Hey
@Dave Merrill -- to help or explain, I have a few questions.
Are you switching to a single coil from a humbucker to play your cleans? If so, then you MUST turn on the filter boost "Kicker Coil." at 5db to make that single coil pickup hit the amp as hard as the humbucker does, if you want the volume to be the same when you switch pickups. This is originally a 1000+ Dream Rigs TonePack feature now included in the 1400+ Naked Amps.
Are you using Vintage style pickups (low output) or modern ones?
Are you playing the neck or the bridge?
Is neck louder than bridge (it should be on cleans due to bass content, but that is also pickup dependent).
Do you play live with cleans that are as loud as your leads?
Usually the Naked Amp cleans will be fine and in line with volume of low and medium gain, but the lead sounds a little louder. That's because oyu have to set lead levels in upper registers to hit -12db+, not chords down the neck like you would for other sounds. The higher up you play, the lower the signal strength (skinnier strings) - the lead presets try to take that into account and are a somewhat hotter.
I'll also add that Fletcher Munson effect can be tricky on judging loudness of sounds with different tonal content. I have had people swear a hi-gain amp is much louder than a clean and I showed them side-by-side meter readings being virtually equal using a looper for same chords, and they could not believe it. All that mids and chewy harmonic content and 4X12 cab can make you think something is louder than scooped Fender sound in a 1x12 open back, but 'taint always so, at least my experience has taught me.
The good news is, you have the tools to make these presets as loud or soft as you like -- that "last mile" to customize to you is always in your hands!
Last, (and this is important) the transients in many cleans are far more likely to spike the output, especially on higher output pickups. Many clean amp models have a very wide dynamic range.
For example, try the Shiva Clean with humbuckers then single coils. Whack it good and soft and watch it on a meter -- it is a WIDE range, transients spike stuff.
So - some of these cleans are dialed a little back to make sure the headroom is ample and enough before signal hitting 0 db, because if you hit that clean hard with your guitar/pickups, or add the provided control for Amp Boost to an existing preset then it could have clipped/digitally distorted, unlike the dirtier amp channels where that is less and issue.

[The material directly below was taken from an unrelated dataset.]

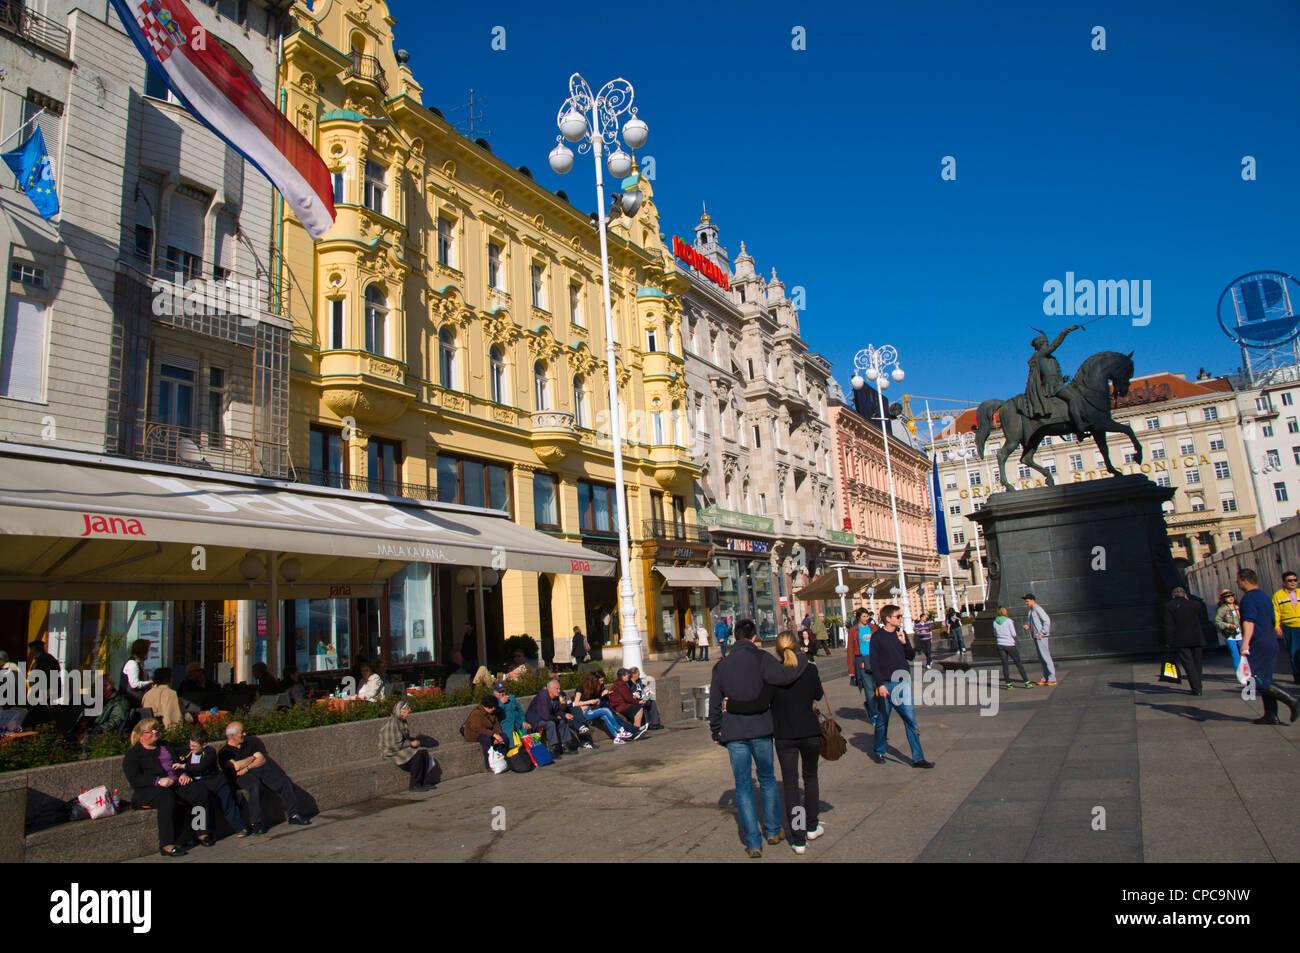 Trg bana Jelačića the Jelacic square Zagreb Croatia Europe - Stock Image

If I turn the preset level back so it doesn't do that, then it's quieter -- but I do have to build in headroom so everyone avoids clipping when they fiddle with the switches or drive blocks (at least, where I can...).
Hope that helps put some context in it? You can always turn up the LEVEL control on a clean amp 1 db or 2db and see if that's better to your ears -- but remember you need to leave headroom to avoid transient spikes when you whack that guitar.